One night, the chief surgical resident of the ER was Vinnie. Vinnie had played offensive line for a division 1 football program. He was huge. I imagine there was a time where he was in shape. While he kept his strength, he clearly had spent his surgical residency eating. The largest available scrubs were stretched like spandex over his mammoth physique, to the point that when he sat, every wrinkle of his scrotum was intimately visible. Vinnie didn’t care.
When residents screw up or offend someone, they get “written-up.” Somebody tattles and fills out a complaint sheet. The resident is usually brought into the boss’s office and scolded. Residents could be fired for particularly egregious offenses. Usually, getting written-up caused significant consternation for the guilty party. Not Vinnie. The general surgery bosses’ got so fed up with the daily complaints about Vinnie, that they just accumulated them and met with him once at the end of the month.
“You insulted Nurse Smith.”
Vinnie: “That’s cause she’s a stupid bitch.”
“You insulted Nurse Jones.”
Vinnie: “She’s even dumber!”
“You can’t say things like that,” sighed the attending.
“The order clearly said to inject the heparin into the f%$*ing chest tube. She gave it IV. She could have killed him.”
“You still can’t say things like that.”
The only thing that saved Vinnie from certain dismissal was that he was really, really good. Despite his 350+ pound size, his hands were as soft as gossamer. He operated with such a deft touch, that by his chief year, the attendings recognized that he was technically superior to them in most surgeries. Once, Vinnie scheduled a very complex chest case that he had never done before. The patient was prepped and asleep, but the attending, for whatever reason, didn’t show up. Vinnie broke out a textbook, read for a few minutes, and then perfectly performed the case.
On this night, Vinnie was sitting at the main control desk in the center of the ER. He was joking with the nurses and medics who, in the ER, all loved him.
“Woah! Look at that dude! He’s totally f-d up!” Vinnie bellowed as the medics brought in a drunken trauma patient. The younger surgery residents descended as Vinnie watched, much like a dad would watch his kids play football. Every now and then, he’d shout out an instruction, then go back to gabbing with the nurses.
The patient had a laceration across his thigh that was about a foot long.
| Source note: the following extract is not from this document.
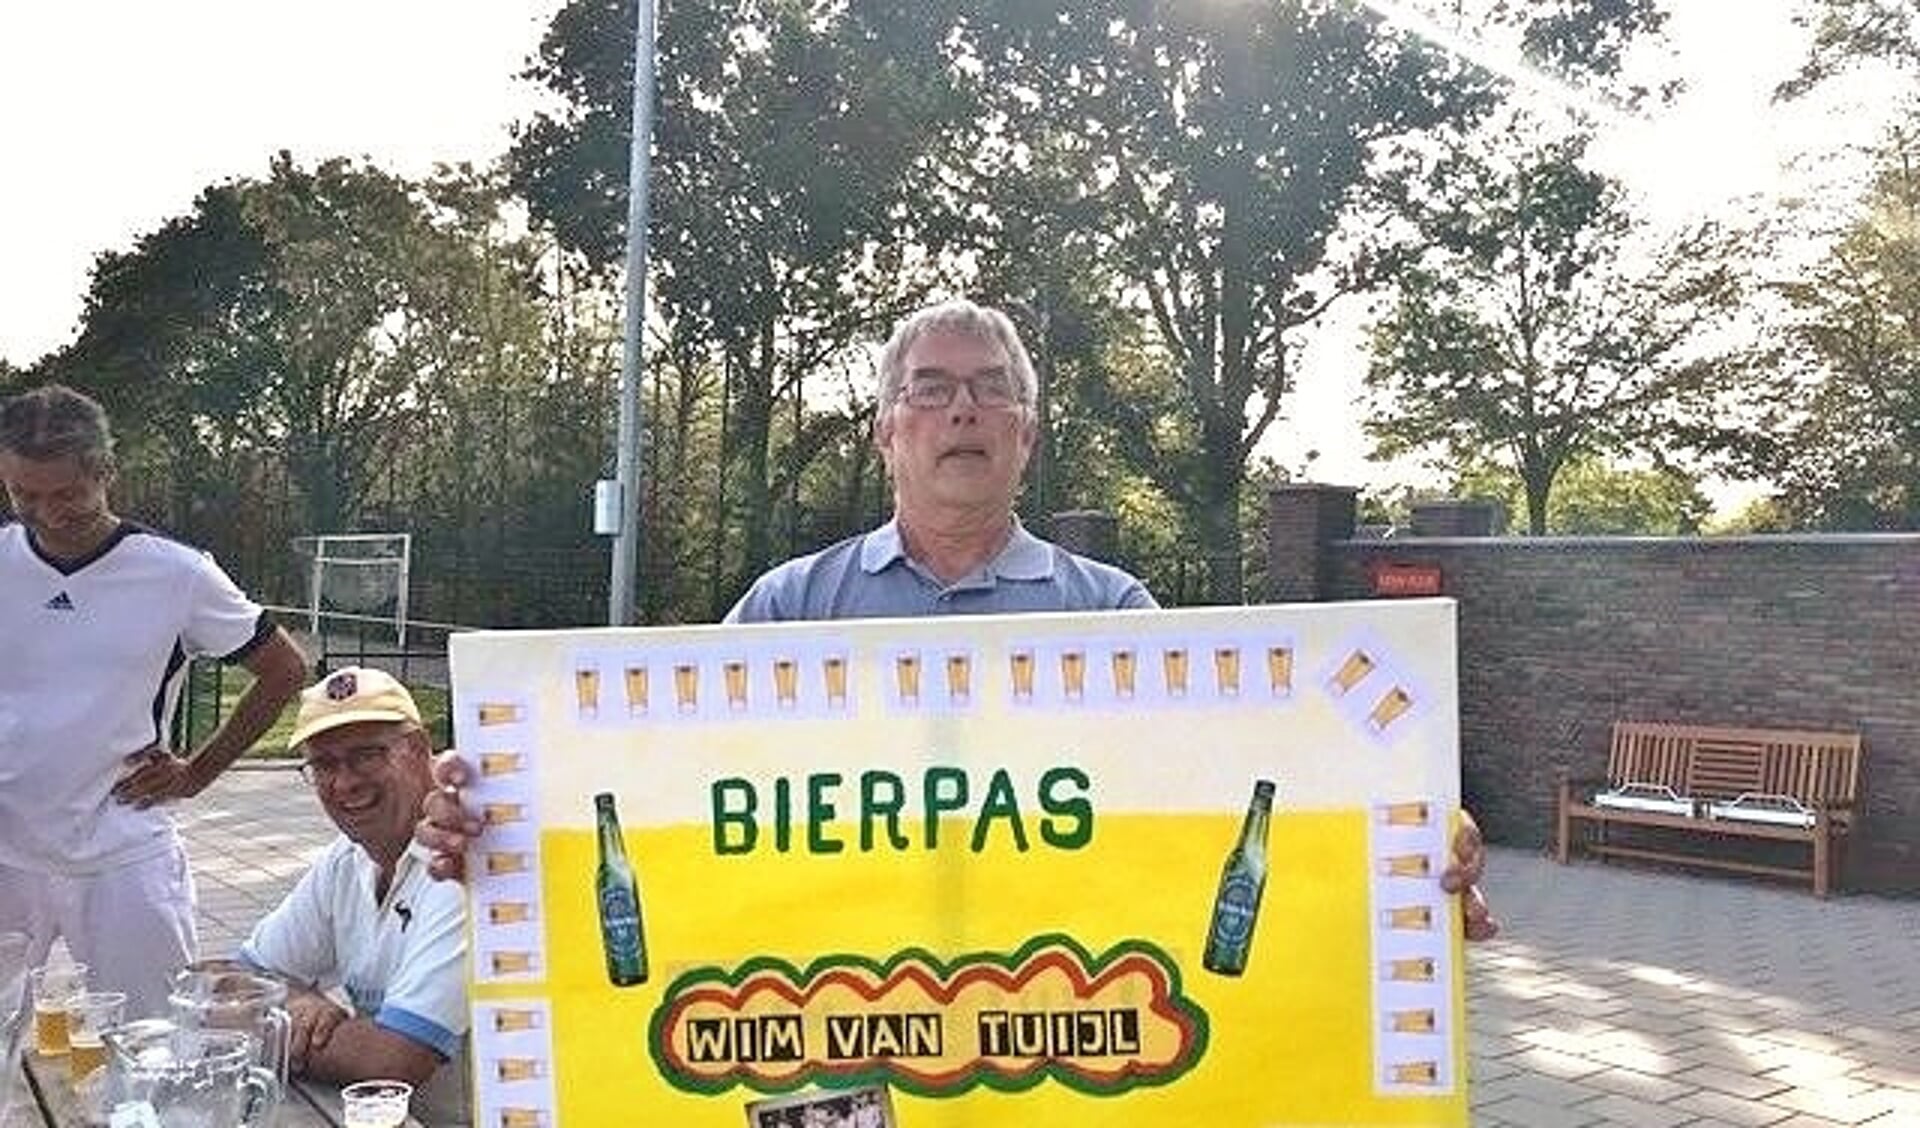 Als dank voor al zijn inspanningen kreeg Wim van Tuijl een bierpas aangeboden. | Foto website ASC
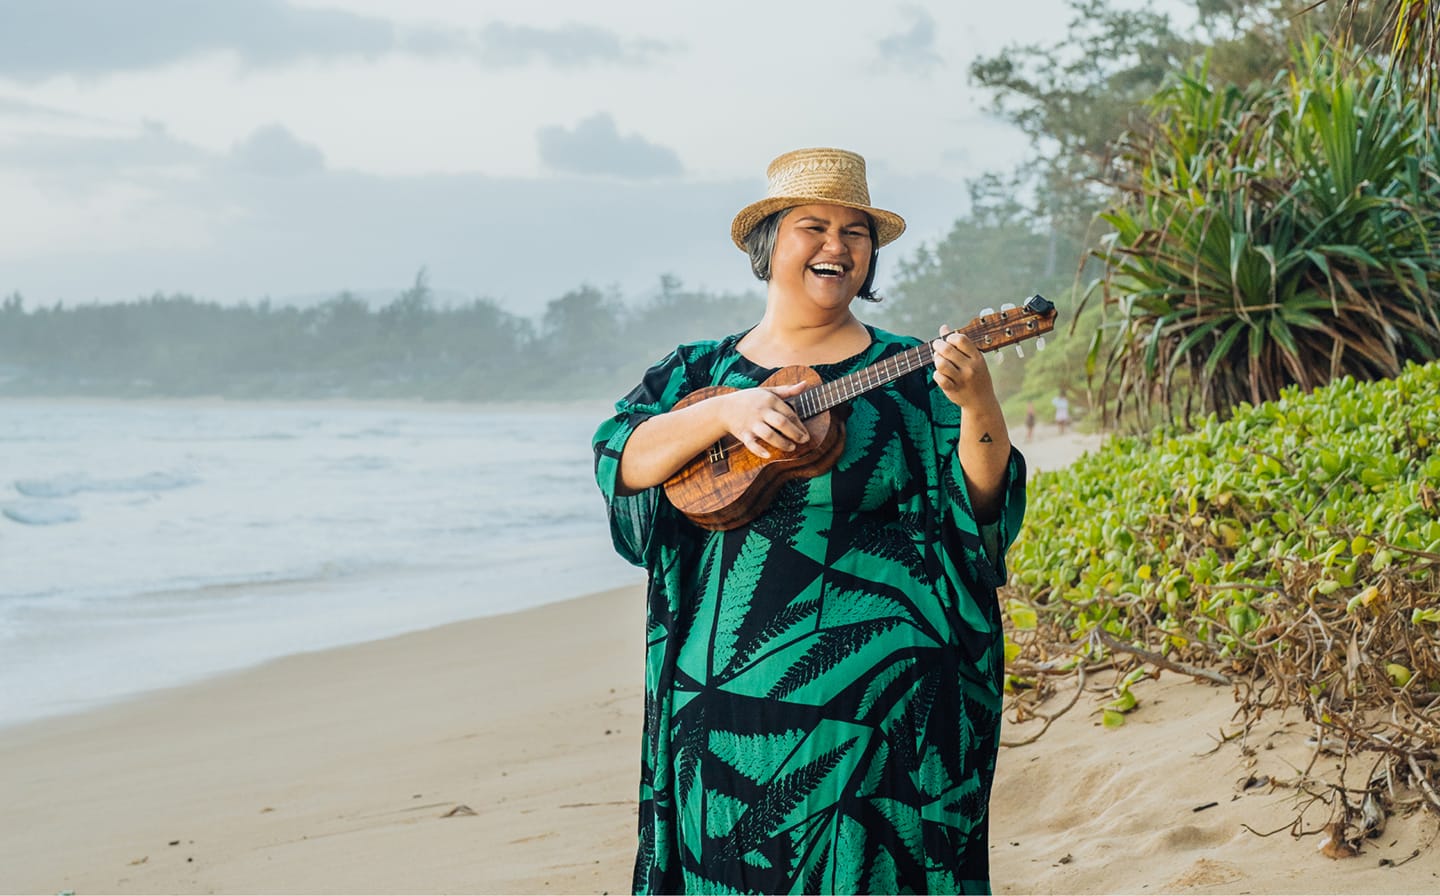 <small>Love in Action	</small></br>Die Musikerin Paula Fuga singt nicht nur von einer besseren Welt, sondern setzt sich mit Hilfe von Subaru Hawai‘i auch dafür ein. Bei der gemeinsamen Aktion „Love in Action“ besuchte Paula Fuga fünf Wohltätigkeits-Organisationen, stellte die Helfer vor und trommelte für Spenden. Subaru Hawai‘i verdoppelte den Beitrag der Spender für die fünf Organisationen bis zu einer Höhe von je 10.000 Dollar. „Erfolg verpflichtet, der Gemeinschaft auch etwas zurückzugeben“, sagt Paula Fuga.

“What’s your name?” Vinnie demanded.
“Dan, sir.”
“Sir?” Vinnie and the nurses laughed. “Sir? I’m sitting in a shit hospital, looking at a shit drunk asshole, at 1 in the morning. Think any “sirs” do that?”
“No sir!”
Vinnie couldn’t tell if I was hopeless or a smart-ass. “Go sew that dude’s leg up.”
OK, I can do this. This is a medical student’s dream! The guy was moaning loudly despite having a breathing tube down his throat. I looked for numbing medicine. There was none to be found.
“You done yet Dan?”
With my pediatric surgery training under the gaze of the stern leopard scrub nurses, I felt like I was a master at cleanliness. Hmmm. Cleanliness was going to be hard with all this blood and, oh no, poop all over the place. I took off the bandage. The wound started to bleed.
“It’s bleeding.”
“No shit?” Vinnie yelled from his seat without looking up. “Maybe someone should sew it up.”
I cleaned it, put on a gown, then rushed to the sink to meticulously scrub my hands before donning sterile gloves. I scrubbed and scrubbed. I became aware of a giant shadow behind me.
“What are you doing Dan?”
“Scrubbing si- , I mean Vinnie.”
Vinnie nodded, then stood motionless as I finished, double-checked that I didn’t have any more cooties on me, then slowly followed the ritual to sterilely wear gloves.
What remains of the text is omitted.